Radiolakatsiey called radio engineering, is used to detect and determine the location of the air, surface and ground objects and phenomena of reflection of electromagnetic waves radiation these objects.

Methods radar

Pulsed light. With this method of periodically send brief signals with long pauses between them, and then receives the reflected signals from the object between regular sending signals (pulses).

The pulse method is characterized by: a pulse duration t; or a period T the pulse repetition frequency F; pulse energy; pulse power and average power.

 

Minimum range of detection radar

The energy carried by an impulse of radio waves, called a pulse energy. The power developed by the transmitter for the duration of the pulse is called a pulse power P.

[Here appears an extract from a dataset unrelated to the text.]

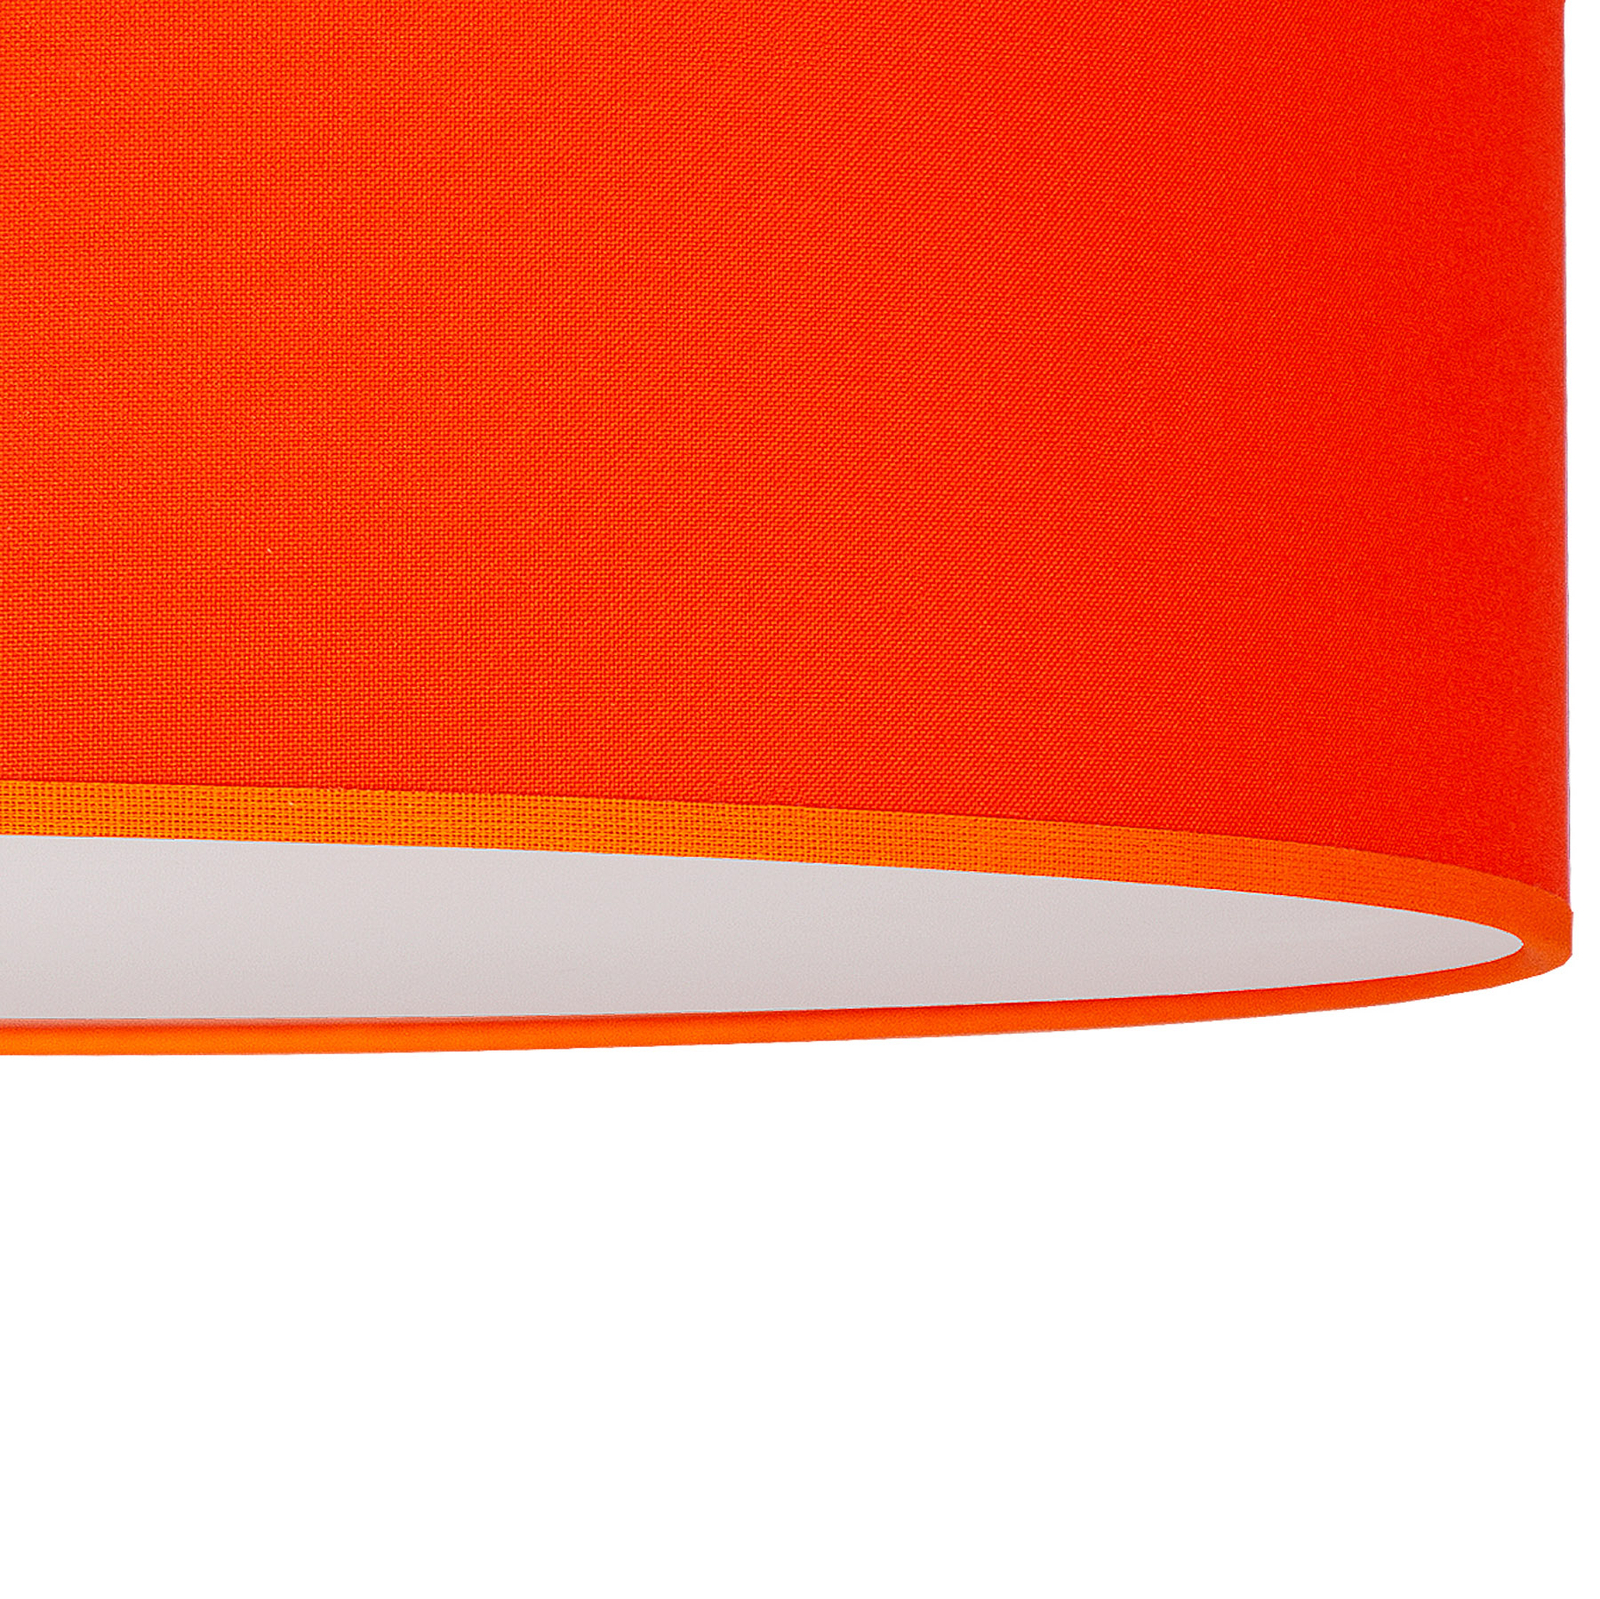 Euluna Roller Decke, Stoffschirm orange, Ø 40 cm

The average power of the transmitter is the power that he developed would be working continuously, while maintaining the same power radio waves

Continuous light is that the transmitter and receiver operates in frequency, and the degree of difference depends on the distance to the object. To reduce the influence of the transmitter on the receiver in such stations apply two antennas, one for transmission and another for reception.

The phenomenon of the Doppler It lies in the fact that while moving relative to the receiver transmitter or receiver relative to the fixed transmitter receiver perceived by the oscillation frequency does not coincide with the frequency of the emitted radio waves.

The difference frequency

By measuring the detected object can be determined. With this method, you can only find moving objects, but it is impossible to determine the distance to the object and the amount of it are other smaller objects.

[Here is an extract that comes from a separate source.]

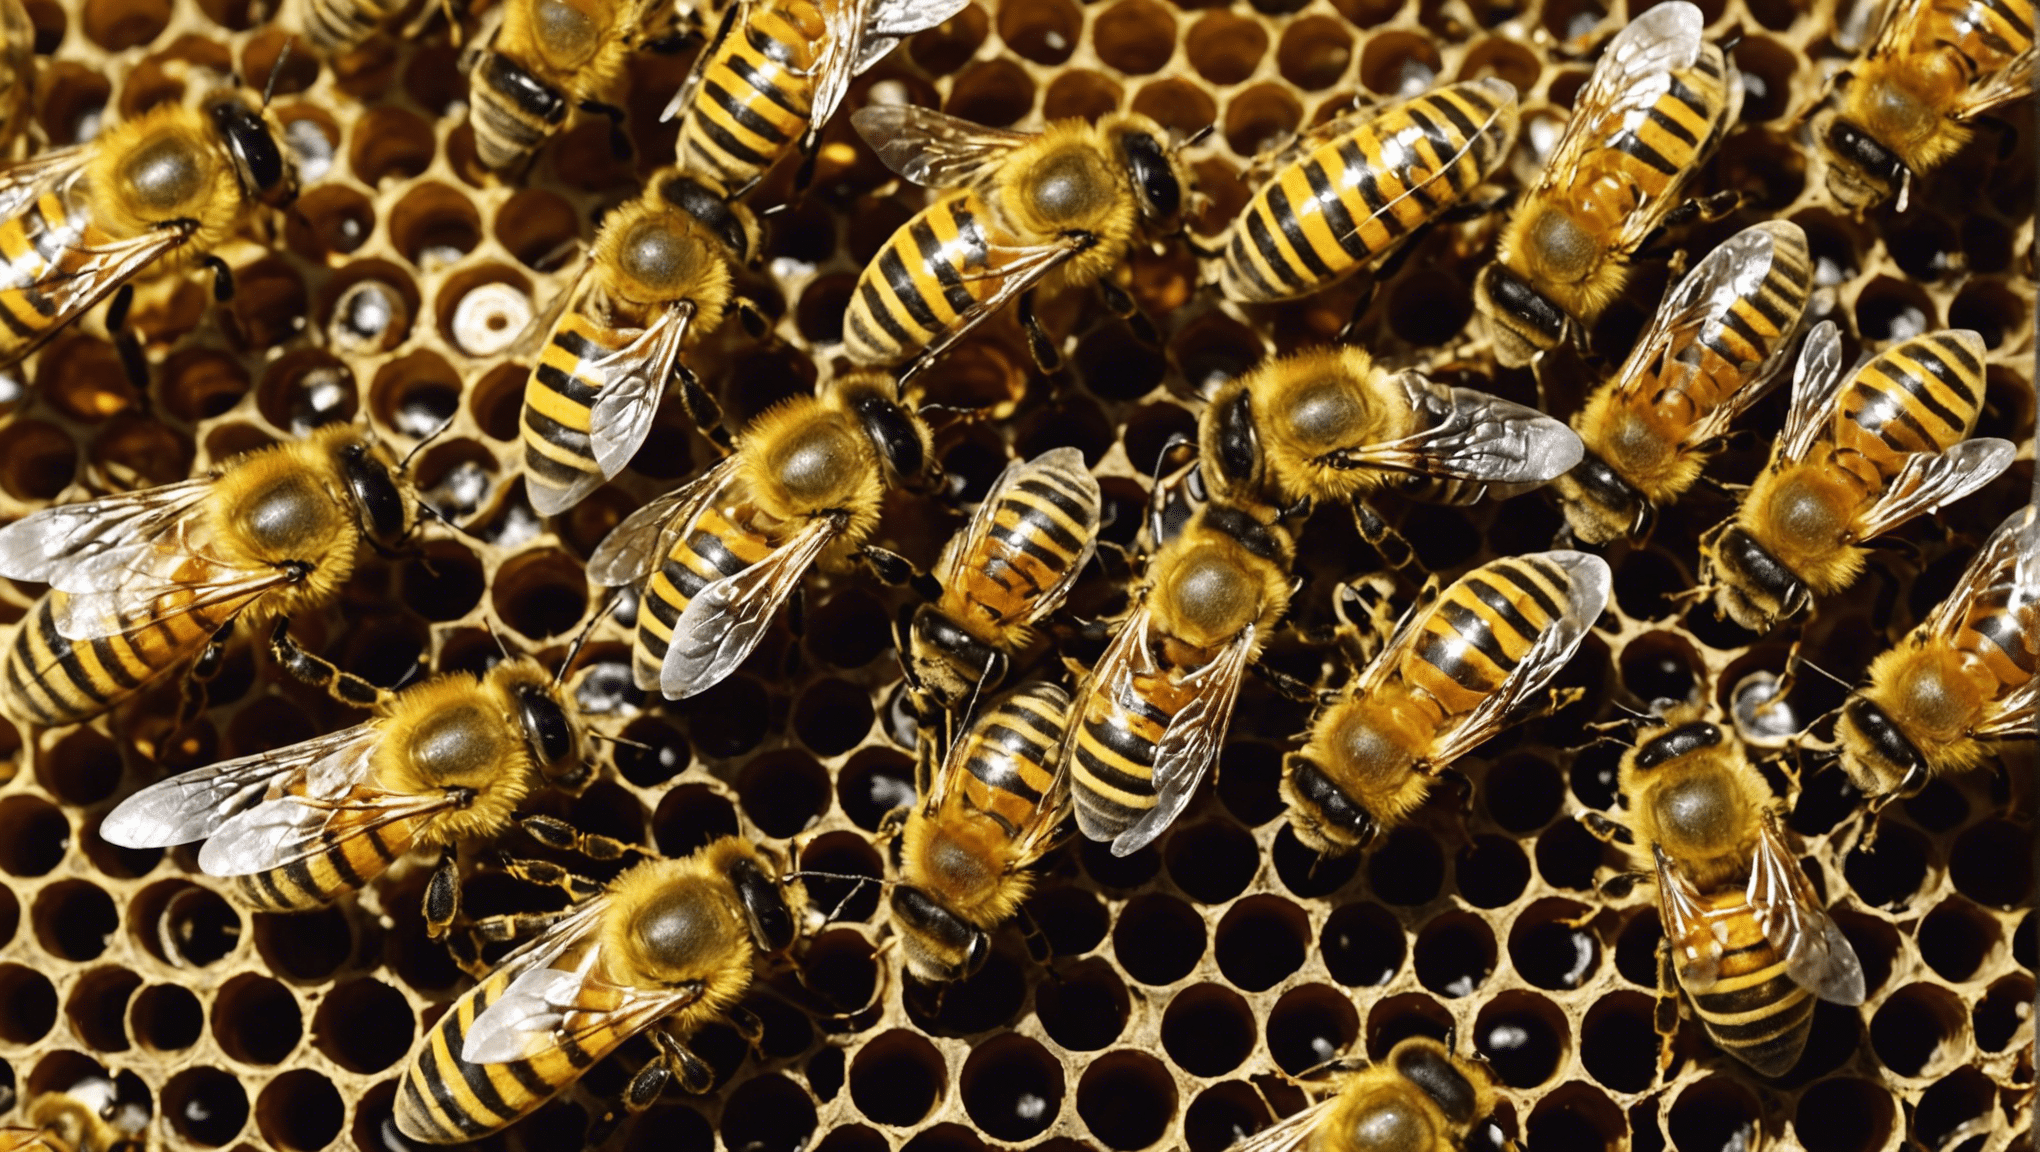 この魅力的な記事で、ミツバチの生活がなぜそれほど素晴らしく、私たちの生態系にとって不可欠であるのかを発見してください。

This principle is used in aircraft navigation station to determine ground speed and drift angle of the aircraft. The formula for determining the ground speed of the aircraft the Doppler frequency has the form:

Drift angle (DC) is determined by rotating an antenna device in a horizontal plane about a vertical axis at a constant angle between the left and right rays, achieving equality of the frequencies of the reflected signals.

 

Airborne radars allow all the tasks of piloting.

It is most convenient to identify landmarks when the scale of radar operation is close to the scale of flight charts. For example, with a screen radius of 55 mm, an image scale of 1: 1 is obtained at a range scale of 000 km within the screen radius.

When using maps of scale 1: 2 000 000 most convenient to use the scale of the radar, if provided radar design, if not provided, then use the zoom 100 km.

With the selection of the contrast separate amplification of signals of high and low levels, the choice of the angle of the antenna beam scanning and brightness achieve the most precise selection of radar targets on the radar screen.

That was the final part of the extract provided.